Forecast bias detection and correction. Closes #56.

bias_detect(df, actual_col='y', predicted_col='y_hat', id_col=None)

Detect systematic forecast bias.

Computes mean error, sign test ratio, and bias ratio per group.

Parameters

df DataFrame with actual and predicted values. actual_col Column with actual values. predicted_col Column with predicted values. id_col If provided, compute bias per group.

Returns

pl.DataFrame DataFrame with columns ["mean_error", "sign_ratio", "bias_ratio"]. sign_ratio is the fraction of positive errors (> 0.5 = over-predicting). bias_ratio is mean_error / MAE.

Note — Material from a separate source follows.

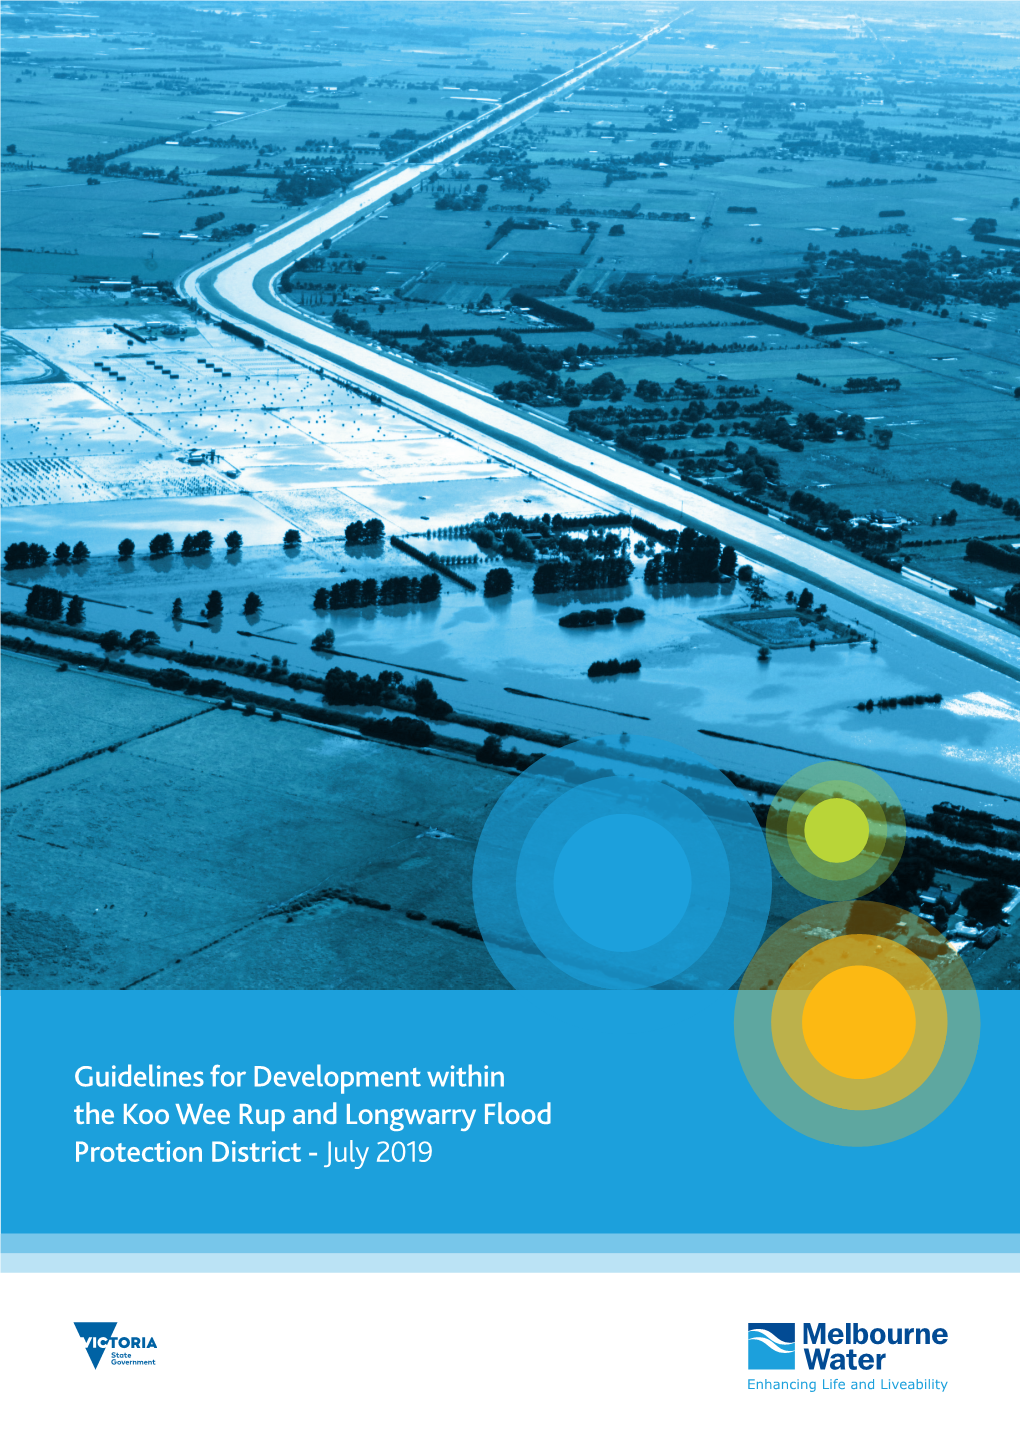 Guidelines for Development Within the Koo Wee Rup and Longwarry Flood Protection District - July 2019

bias_correct(df, actual_col='y', predicted_col='y_hat', method='mean', id_col=None)

Correct systematic forecast bias.

Parameters

df DataFrame with actual and predicted values. actual_col Column with actual values. predicted_col Column with predicted values. method Correction method: "mean" — subtract mean error, "regression" — linear recalibration (slope + intercept), "quantile" — quantile mapping correction. id_col If provided, correct per group.

Returns

pl.DataFrame DataFrame with predicted_col adjusted and {predicted_col}_original preserving the uncorrected values.

_regression_correct(df, actual_col, predicted_col)

Apply linear recalibration: actual ≈ slope * predicted + intercept.

_quantile_correct(df, actual_col, predicted_col)

Quantile mapping: map predicted quantiles to actual quantiles.